Vein Graft Use and Long-Term Survival Following Coronary Bypass Grafting

Emily Shih et al. J Am Coll Cardiol. .
Free article

Abstract

Background: Although placement of at least 1 arterial graft during coronary artery bypass grafting (CABG) has a proven survival benefit, it is unknown what degree of revascularization with saphenous vein grafting (SVG) is associated with improved survival.

Objectives: The authors sought to determine whether undergoing surgery performed by a surgeon who is liberal with vein graft utilization is associated with improved survival in patients undergoing single arterial graft CABG (SAG-CABG).

Methods: This was a retrospective, observational study of SAG-CABG performed in Medicare beneficiaries from 2001 to 2015. Surgeons were stratified by number of SVG utilized per SAG-CABG into conservative (≥1 SD below mean), average (within 1 SD of mean), and liberal (≥1 SD above mean). Long-term survival was estimated using Kaplan-Meier analysis and compared among surgeon groups before and after augmented inverse-probability weighting.

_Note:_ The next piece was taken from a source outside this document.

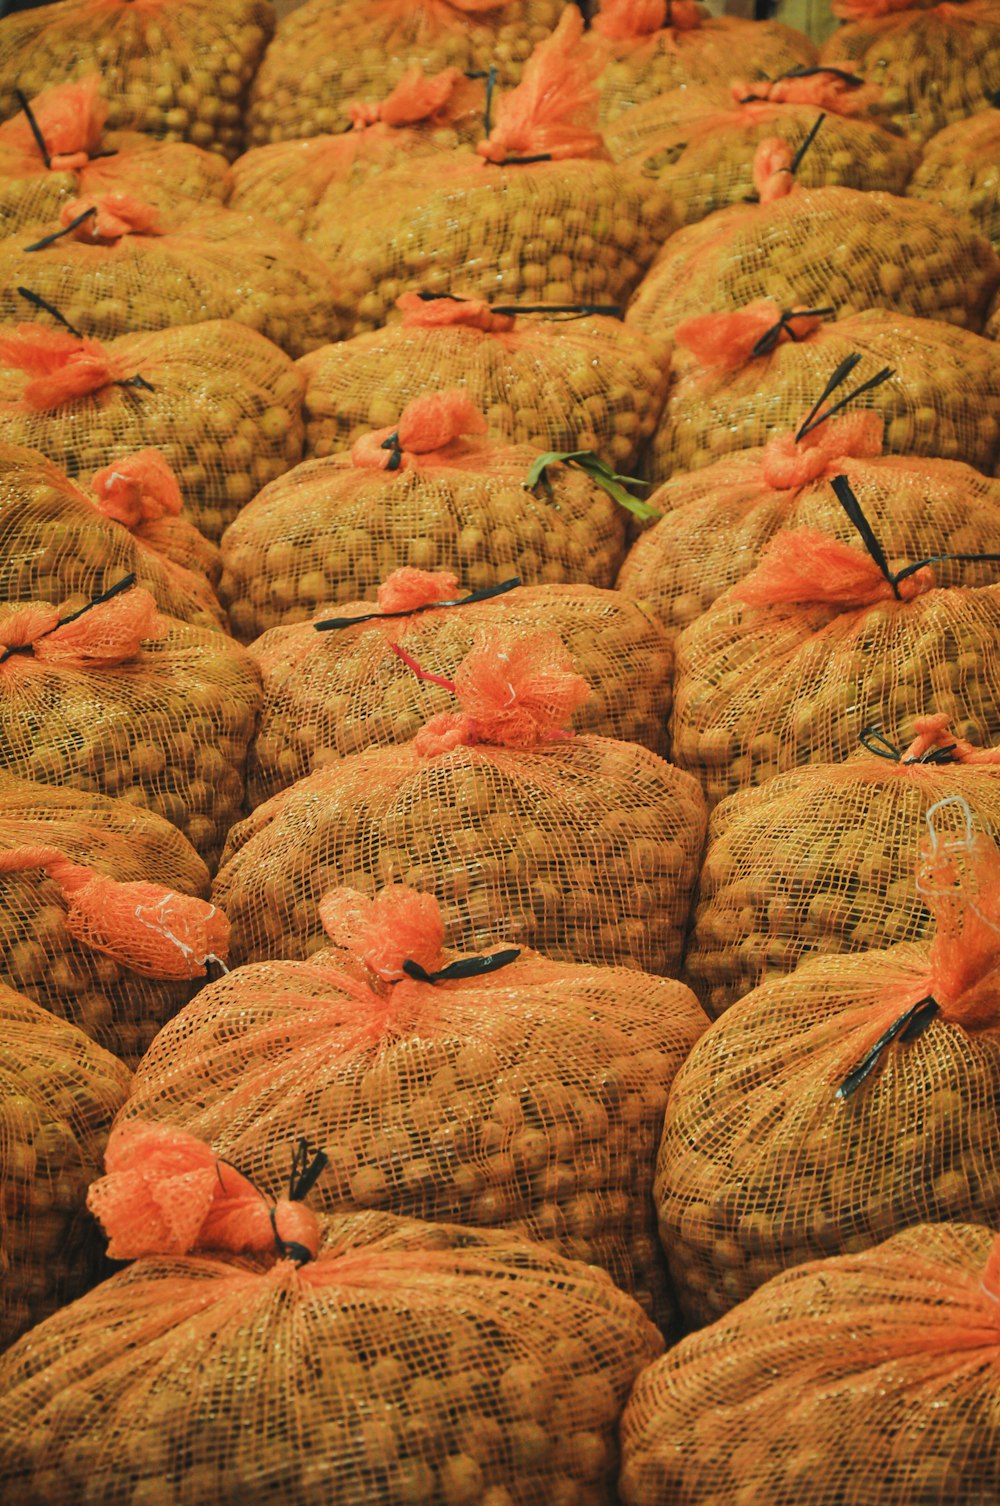 round brown fruit on orange mesh bag lot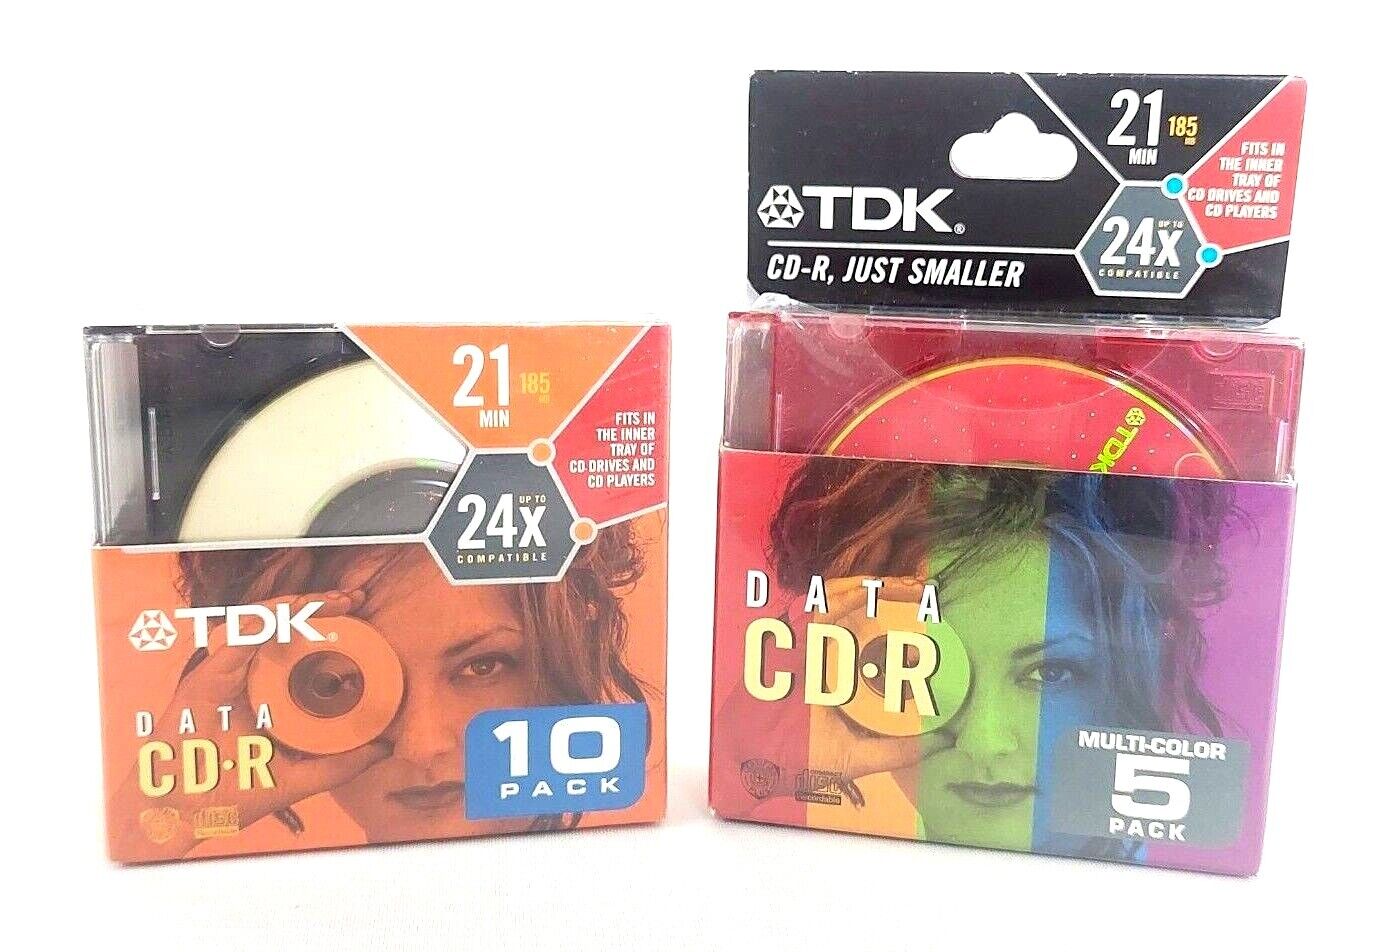 New TDK Data CD-R Disc 10 Pack + TDK Multi-Color 5 Pack 21 Min (15 CD-R Lot)

Results: There were 1,028,264 Medicare beneficiaries undergoing SAG-CABG from 2001 to 2015 (mean age 72.0 ± 7.9 years, 68.3% male). Over time, 1-vein and 2-vein SAG-CABG utilization increased, whereas 3-vein and ≥4-vein SAG-CABG utilization decreased (P < 0.001). Surgeons who were conservative vein graft users performed a mean 1.7 ± 0.2 vein grafts per SAG-CABG, whereas those who were liberal vein graft users performed a mean 2.9 ± 0.2 vein grafts per SAG-CABG. Weighted analysis demonstrated no difference in median survival among patients undergoing SAG-CABG by liberal vs conservative vein graft users (adjusted median survival difference 27 days).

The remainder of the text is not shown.